Хотя классификация КГ полезна при выборе лечения, она не лишена недостатков. Хирургические подходы различаются у учреждений, что делает сравнение групп пациентов из разных учреждений проблематичным. Другой минус в том, что система КГ исключает другие важные прогностические факторы, такие как вид опухоли и размер.

В IRS-IV (с 1992 по 1997 г) использовалась несколько модифицированная классификация tumor-nodes-metastasis (TNM). Система CG была сохранена для планирования лучевой терапии. Модифицированная система TNM включает в себя оценку локализации опухоли, местного распространения, размера, участия региональных лимфоузлов и наличия или отсутствия метастазов. Такая классификация позволяет прогнозировать результат.

 

Лечение

В лечении РМС применяются хирургия, лучевая терапия и химиотерапия. Радиотерапия используется для контроля локальной микро- или макроскопической остаточной опухоли, тогда как системная химиотерапия играет роль в первичной циторедукции, а также в борьбе с метастазами. Комбинированная модальная терапия с использованием этих методов была разработана в ходе широких совместных исследований, в том числе IRS.

Хирургия

Операцией выбора является тотальная резекция, если она не приводит к инвалидности и серьезным косметическим дефектам. Когда тотальная резекция невозможна, удаляется часть опухоли, а также применяется неоадъювантная химиотерапия в сочетании с методами локального контроля.

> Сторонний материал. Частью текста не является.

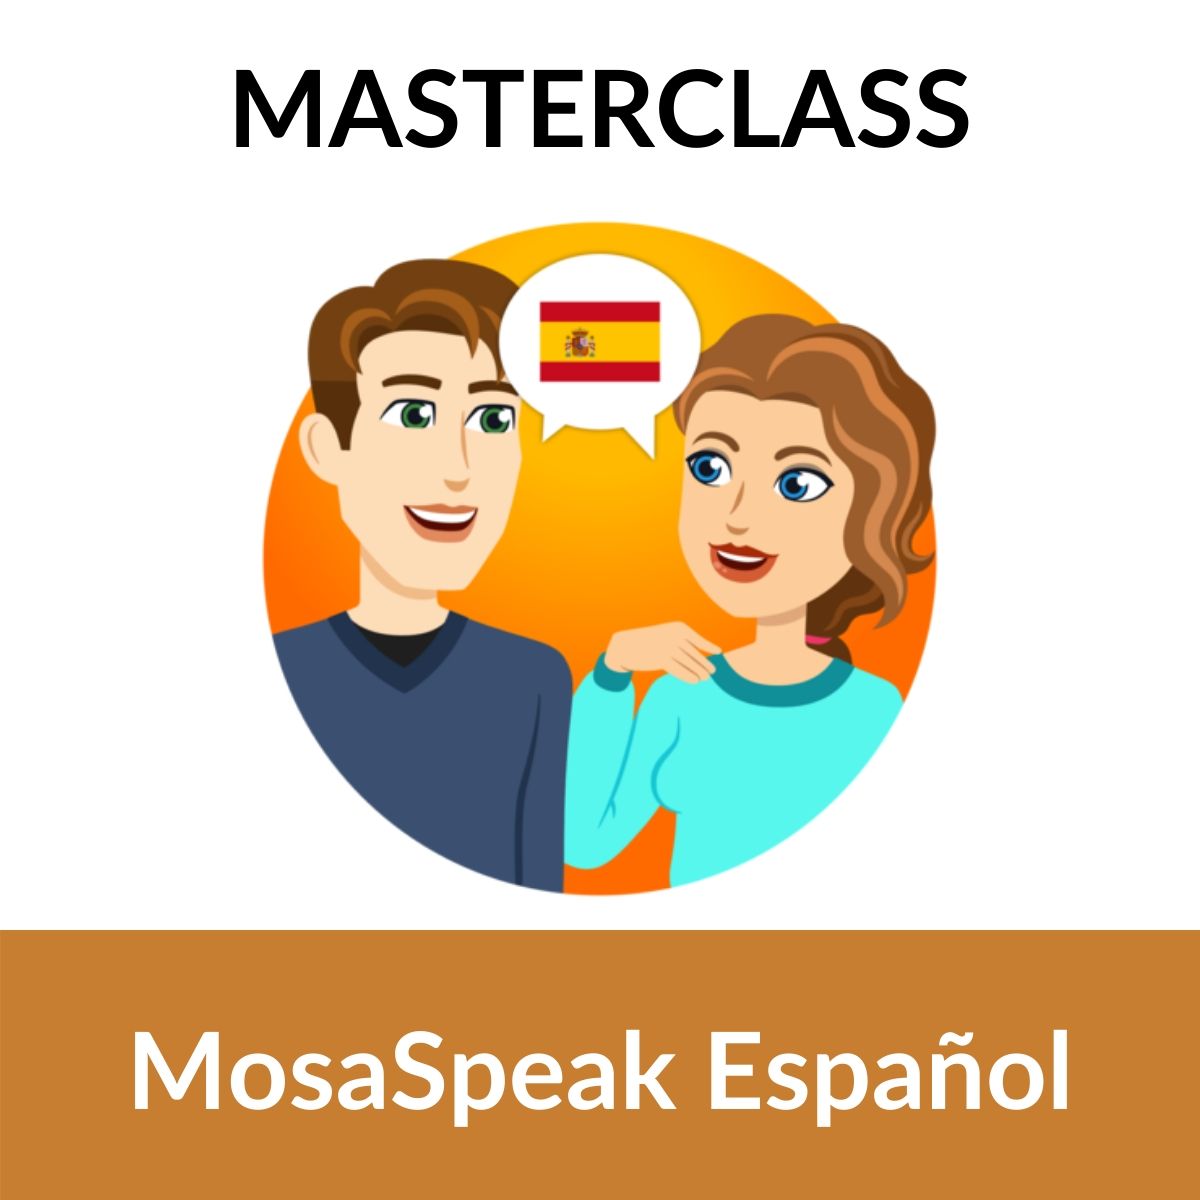 i-vari-accenti-in-spagnolo-come-scegliere-quello-giusto-per-te-mosalingua

Вторичная операция оценивалась в двух разных клинических условиях. В случае полной ремиссии (подтвержденной рентгенографической), вторичная операция рассматривается как метод документирования патологического ответа с целью отмены дальнейших мер локального контроля, таких как радиотерапия.

Международное общество педиатрической онкологии (Society of Pediatric Oncology, SIOP) рассмотрело этот вопрос в 1984 году в ходе исследования злокачественных мезенхимальных опухолей. Пациенты получали от 3 до 6 циклов химиотерапии после биопсии или ограниченной операции. Дополнительная локальная терапия не давалась пациентам без признаков остаточной опухоли после индукционной терапии. 50% этих пациентов в конечном итоге имели локальный рецидив, независимо от того, было ли получено подтверждение при помощи биопсии или клинически. Поэтому такая стратегия, с завершением местной терапии сразу после достижения полного клинического ответа, считается нецелесообразной.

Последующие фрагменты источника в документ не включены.